Madrid has an established banking sector with Banco Santander and BBVA. The country is also showing signs of recovery from the financial crisis, with the share of non-performing loans in the country's portfolio reaching a value of approximately six percent in 2016.
Stockholm produces many technology startups and is home to iZettle and Klarna, two payment businesses. The Swedish attitude towards an economic and monetary union with the euro, however, was negative in 2016.

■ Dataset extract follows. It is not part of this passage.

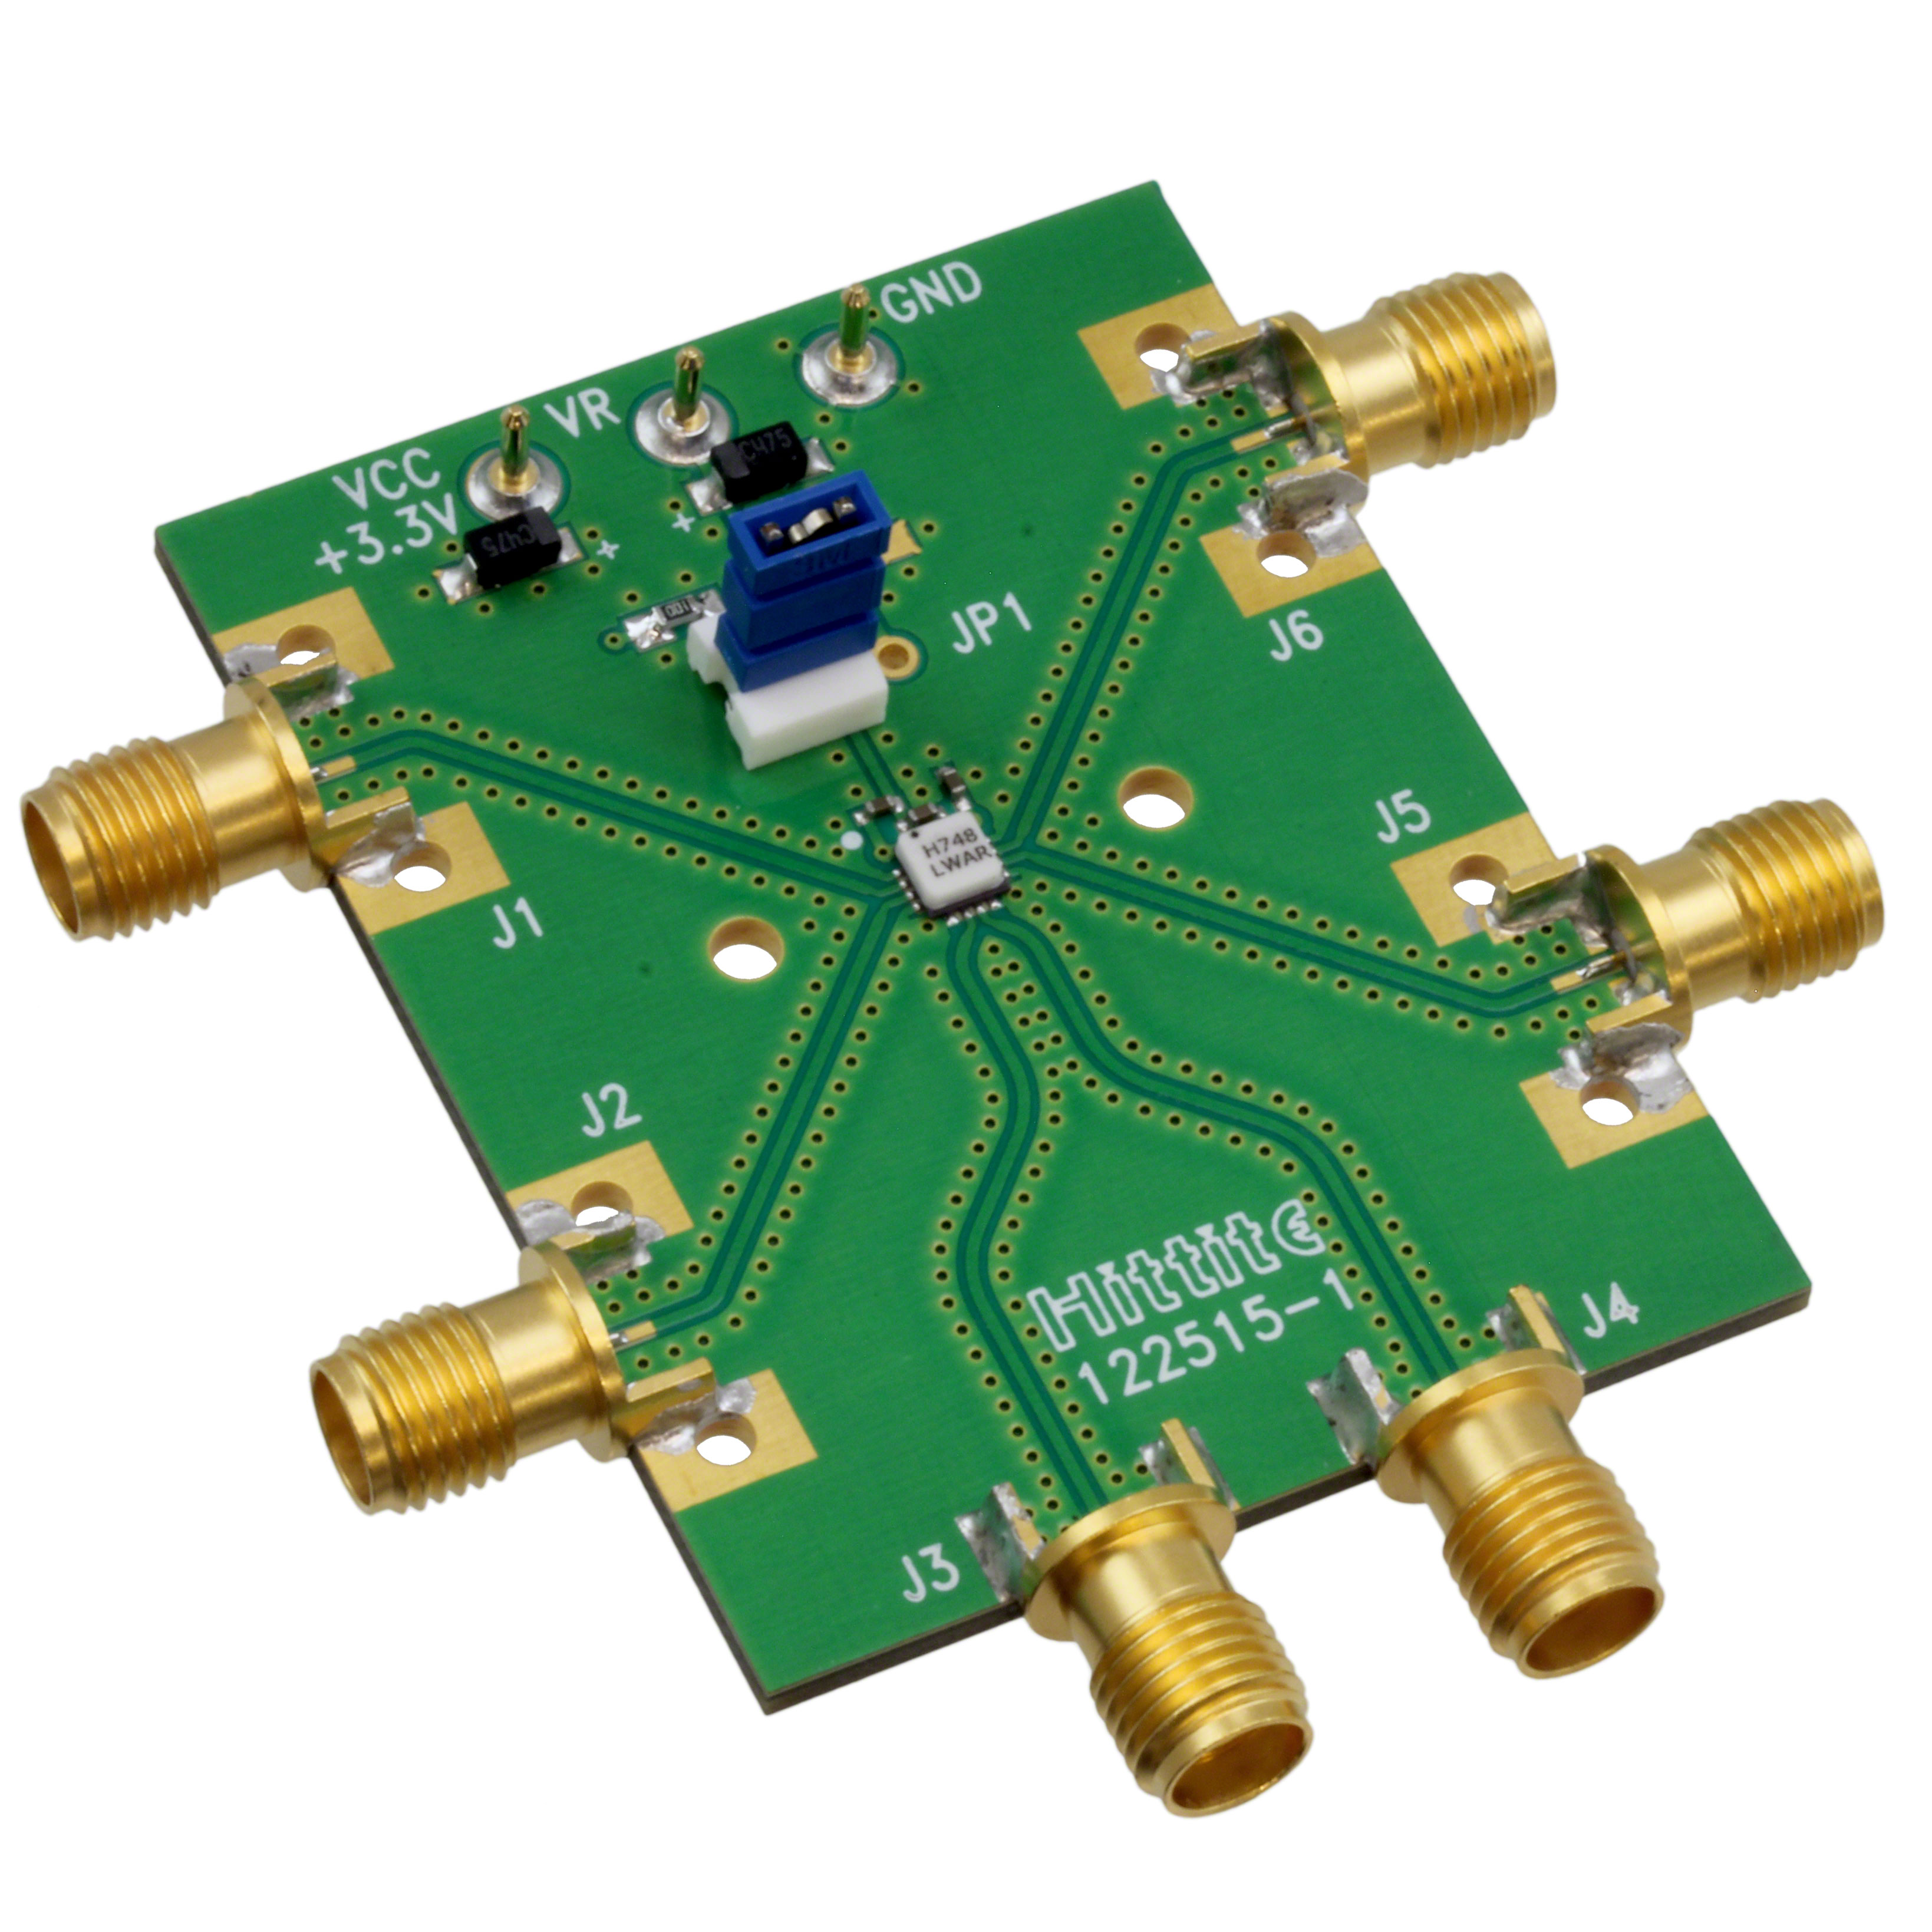 Motor Driver Circuit Based On Lv8741v Ic Image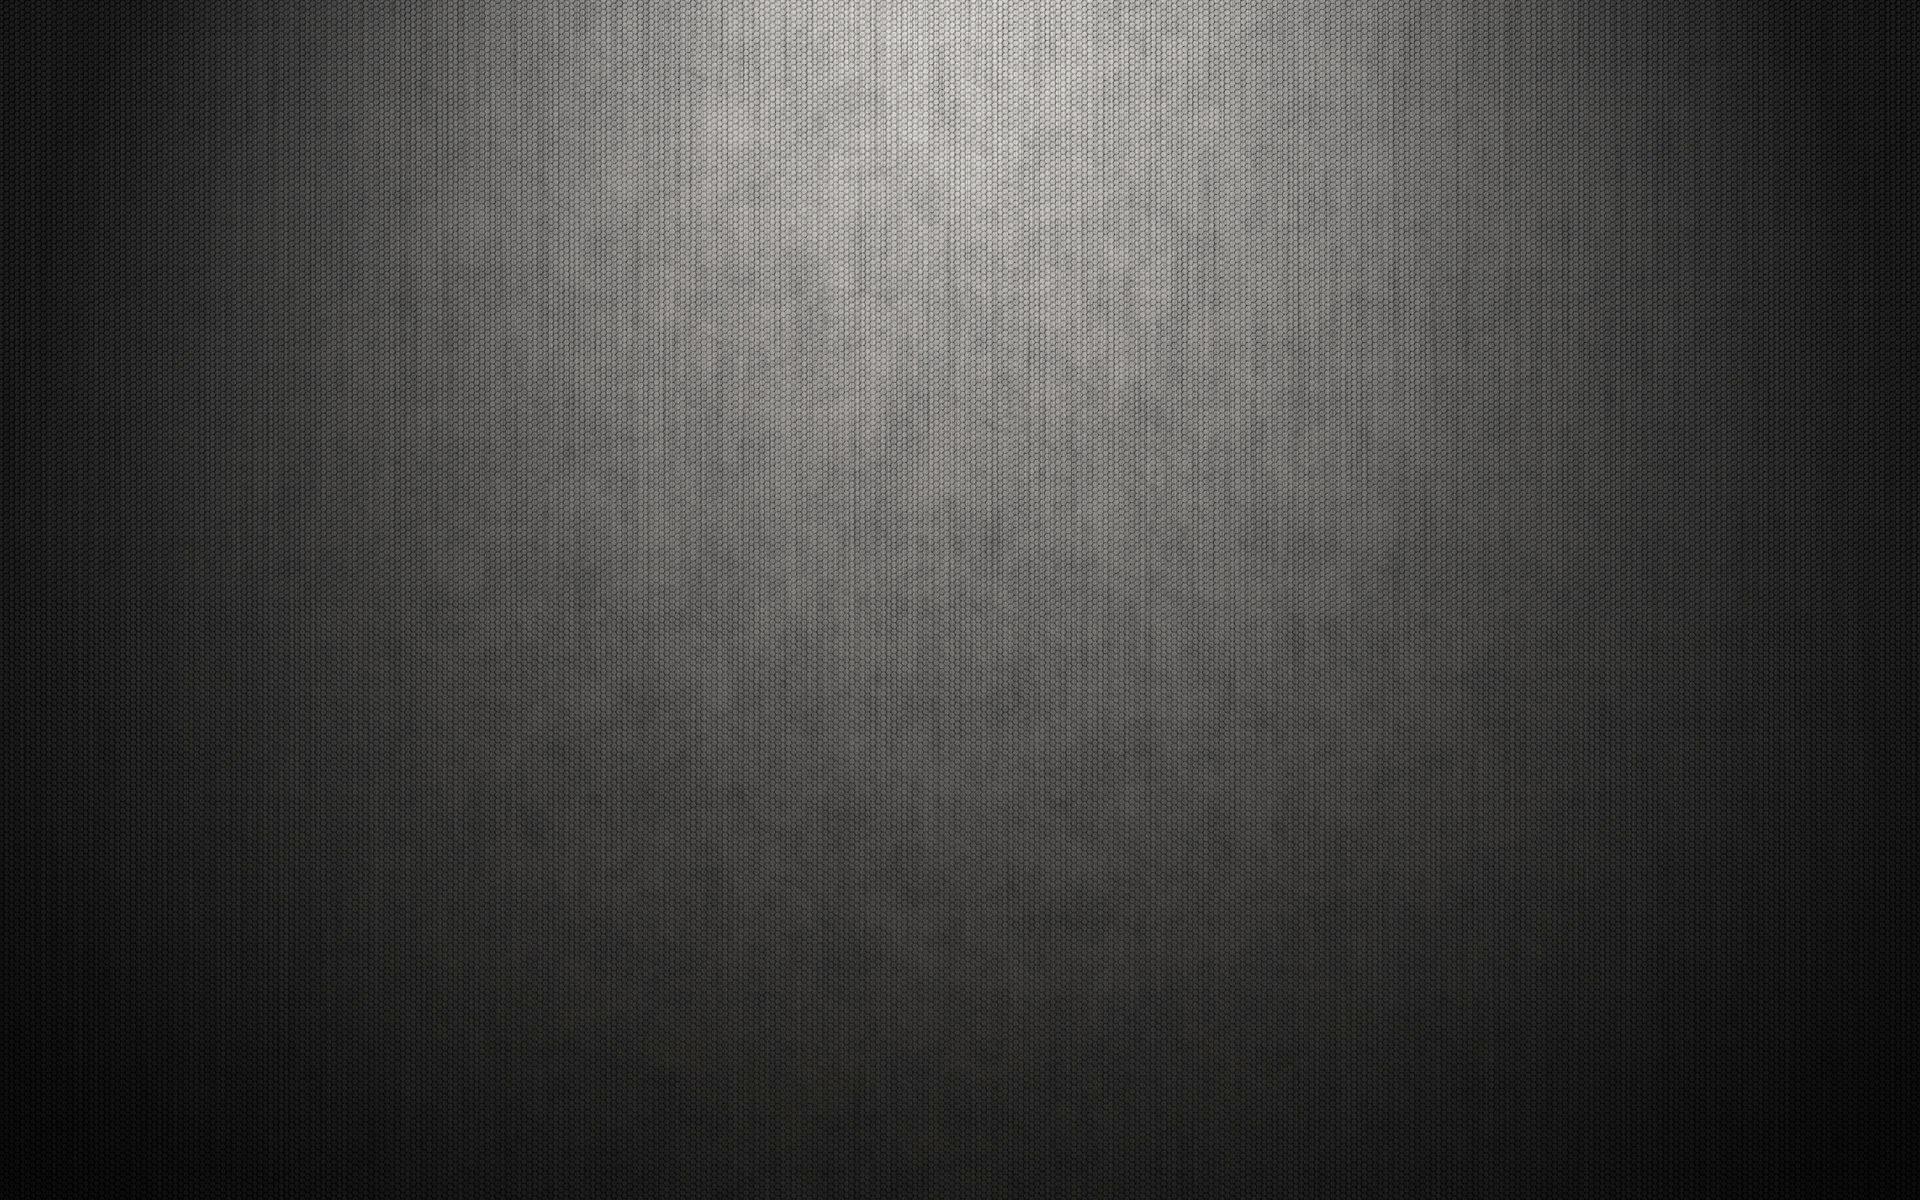 /var/www/html/wp-content/uploads/2018/10/backgrounds_grey

3) Why would financial companies move away from the London City? With expansion to, for example, Frankfurt, Dublin or Luxembourg, London-based financial services companies maintain their access to the single market, as most financial companies assume that the UK is going to lose its financial passport rights after Brexit, with no special financial services deal and no transition period. These passporting rules allow businesses to sell services across the European Union or European Economic Area (EEA, the EU together with Iceland, Liechtenstein and Norway) from anywhere within it, as long as they are based in (and regulated by) one country. Not signing a new trade agreement, which includes a solution for this passport-construction, was perceived as a bad outcome for Britain. In addition, new EU laws that come in effect from January 2018 require investment companies and trading platforms who are active on the European Union to have an office on the European mainland. Banks need at least 12 months to establish full-scale operations inside the EU, essentially meaning that in March 2018 at the latest, not March 2019 - the date of the actual Brexit -, they would have to start moving people if no adequate deal has been reached yet.
The future landscape of European banking and insurance remains uncertain and is not shaped by location decisions alone. The EU, for instance, has to take an approach to financial market infrastructure and to help insure smooth functioning of banking and financial markets when the deadline of the Brexit negotiations arrives in March 2019. Now that London financial services come calling to an increasingly fragmented market in Europe, more cooperation seems required to ensure everything will go well on 'Day 1' of the post-Brexit world.